Back in July, we heard about Microsoft’s plans to offer Windows 10 devices and management as a service, and on Monday, Microsoft officially announced the program, called Microsoft Managed Desktop.
I was wondering if there would be any net new management features or integrations (plus, there was a little bit of consumer blog craziness about it), but it turns out that it’s a fairly standard-sounding managed services and partner program play.
What is Microsoft Managed Desktop?
It’s a bundle that includes:
- Microsoft 365 Enterprise, which includes Windows 10 licenses, Office 365, and EMS (Intune, Azure AD, and a few other EUC security products).
- Device leasing, with typical services such as support services, device replacement, 3-year lifecycles, and so on.
- Device management, including provisioning via AutoPilot, and OS patching and upgrades. Microsoft will use its analytics offerings to help decide when to do updates.
Partners will include Dell, HP, DXC, HCL, Computacenter, and Accenture/Avanade.
Why do it?
Microsoft Managed Desktop is using existing products and features, offering a service that many other companies have provided for years. I don’t think this is any big land grab in the services space, either, since they mentioned partners in the announcement blog post.
So, the reactionary blogs (here’s another one) can probably calm down.
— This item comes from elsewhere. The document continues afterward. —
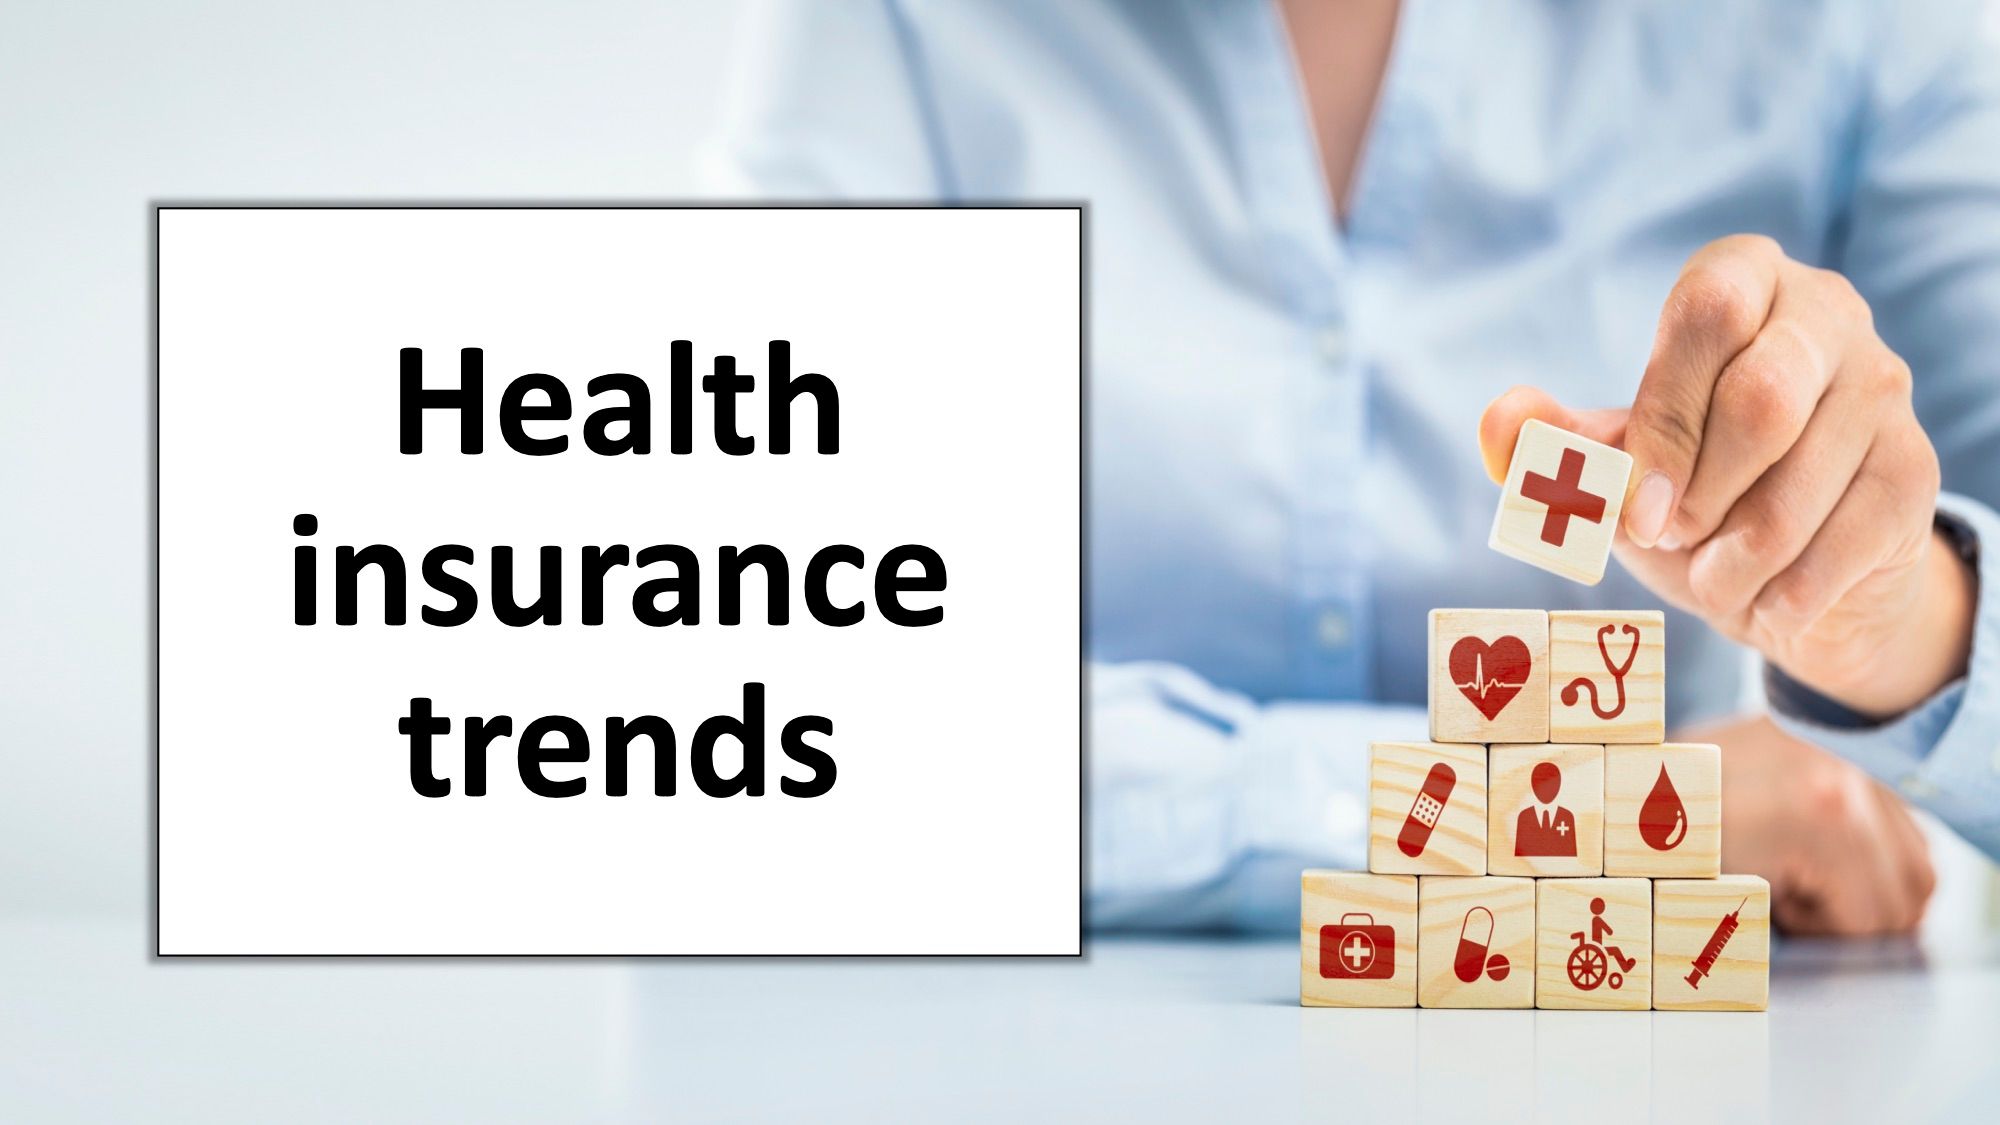 Health insurance trends

This sounds like a standard industry move to help with the adoption of newer features—i.e., AutoPilot and actually staying on the Windows 10 Semi-Annual Channel. Microsoft Managed Desktop is also a good complement to Microsoft 365.
Coincidentally, this comes just after Microsoft announced 30-month lifespans for the Fall versions of Windows 10, and extended support for Windows 7. Really, these are two sides of the same coin.